Suite au dernier redéploiement à la Justice, une nouvelle crise politico-judiciaire s’installe progressivement dans le pays. En fait les hostilités ont repris entre magistrats et gouvernement.
C’est toujours la lune de fiel entre le gouvernement et l’Union nationale des magistrats du Bénin (Unamab). Un nouveau bras de fer est plus que jamais d’actualité entre les deux parties. Si la nouvelle pomme de discorde est le nouveau redéploiement à la Justice, il faut d’abord souligner que la tension est remontée d’un cran en raison des mauvais traitements infligés par la Police au juge Angelo Houssou. Ce dernier a fait l’objet de traitements déplacés suite au non-lieu qu’il a prononcé dans les présumées affaires de tentative d’empoisonnement du Chef de l’Etat et de coup d’Etat.
Alors que la suite de cette situation n’a pas fini de faire tomber la tension, le gouvernement du Président Yayi Boni a ravivé la crise pour avoir opéré un redéploiement dans le milieu judiciaire qui n’’est du goût des magistrats. Les nominations prononcées en Conseil des ministres le 28 mai 2013 violent les règles de préséance prévues par la loi portant statut de la magistrature, dénonce l’Unamab. En termes clairs, la hiérarchie n’a pas été respectée dans les nominations du ministre de la Justice.

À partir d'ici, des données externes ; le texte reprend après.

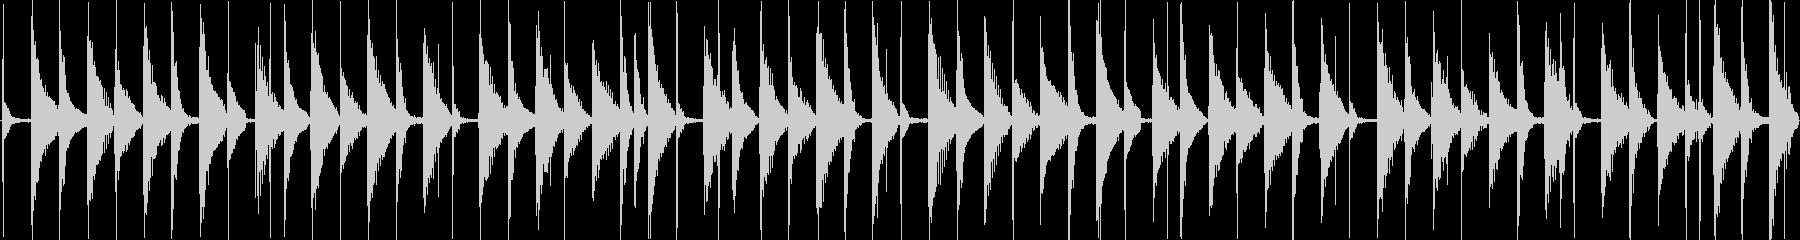 軽快な日常系エレクトロポップの未再生の波形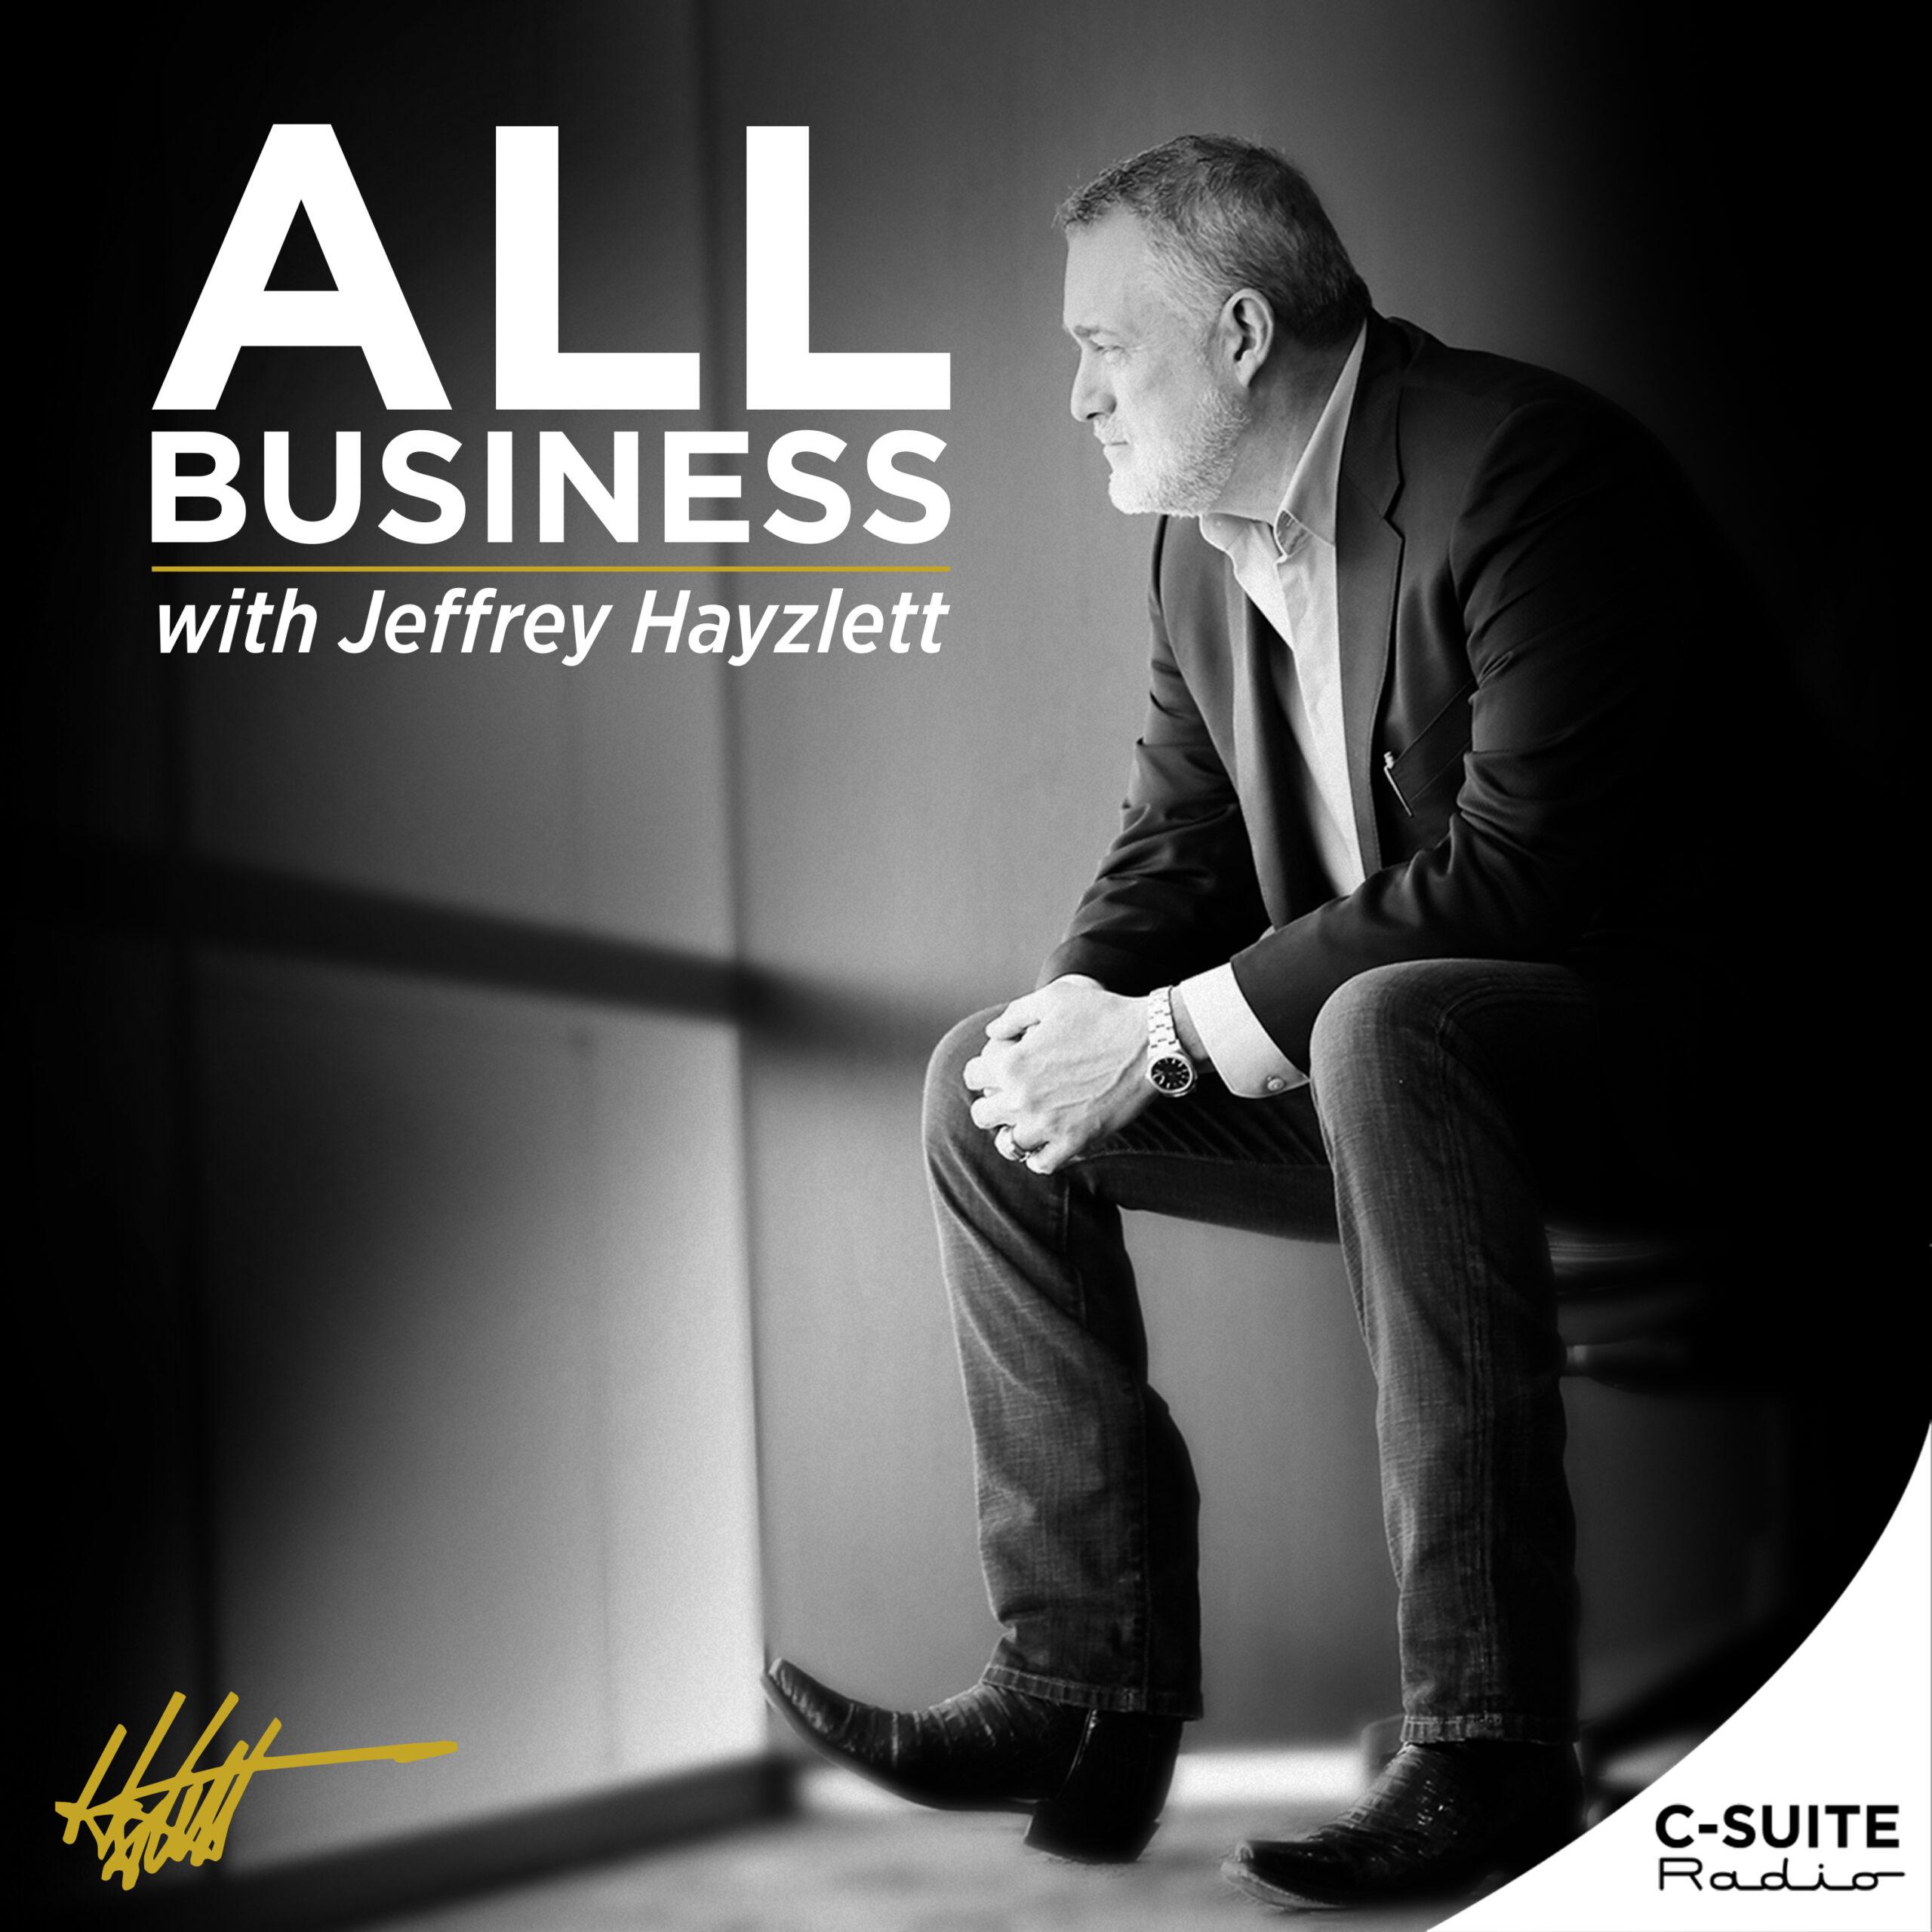 All Business with Jeffery Hayzlett

Ce qui a amené l’Unamab à dire qu’elles n’ont d’autres visées que de diviser les magistrats mobilisés autour du juge Angelo Houssou à effet de l’aider à recouvrer ses attributs de citoyen libre. « Ces nominations provocatrices, démotivantes ne sont pas de nature à faire régner la paix entre l’Exécutif et l’Unamab. Loin des secousses permanentes, la justice de notre pays nécessite des réformes approfondies et courageuses indispensables pour attirer les investissements vers la destination Bénin.
La politisation de la justice de notre pays est une épée de Damoclès qui nous guette tous… », a fait savoir l’Unamab dans un récent communiqué de presse. De son côté, le gouvernement a balayé du revers de la main les griefs portés contre lui par l’Union nationale des magistrats du Bénin.
Compte tenu de la gravité de la situation, l’Unamab est allée exprimer ses vives inquiétudes au Président de la Cour suprême, Ousmane Batoko, ce mardi 04 juin 2013 à Porto-Novo.
Conséquences
A l’analyse des faits, il y en ressort que la crise entre le gouvernement et l’Unamab a atteint son paroxysme. Ce qui ne restera pas sans conséquences sur l’appareil judiciaire béninois. A cet effet, une question se pose : comment se comporteront les magistrats lésés par les dernières nominations dans les juridictions et à la chancellerie ? Ils travailleront sans doute en ayant le gouvernement dans leur viseur. On doit craindre un dysfonctionnement de l’appareil judiciaire dans les jours à venir. Dans ces conditions, ce sont les justiciables qui en feront certainement les frais. Conséquences, la situation carcérale du Bénin sera plus critique. Or, selon le dernier rapport d’Amnesty International sur le Bénin, plus de 97% des pensionnaires des prisons de Cotonou sont en détention préventive. Ceci nécessite des réformes courageuses pour corriger cet état de choses. Au lieu de cela, on assiste à des nominations qui fâchent.
Laguéguerre permanente entretenue entre les deux parties est une menace pour les investissements. Qui viendra investir dans un pays où la justice est en permanence instrumentalisée et politisée à la fois ? Personne. Pour preuve, malgré les multiples appels lancés aux investisseurs étrangers par le Chef de l’Etat, très peu d’entre aux affluent vers le Bénin. Même, les nationaux peinent à trouver leurs marques.
En attendant la tenue des états généraux de la justice, annoncés à grands renforts médiatiques, et reportés sine die par le gouvernement, la tension est toujours vive. De notre point de vue, on a l’impression que les autorités béninoises n’ont pas encore pris conscience du rôle de la justice dans le développement du pays, sinon des situations conflictuelles entre l’Exécutif et le Judiciaire doivent être conjurées. Les uns et les autres espèrent que le changement positif tant attendu dans l’appareil judiciaire béninois sera réalité, un jour.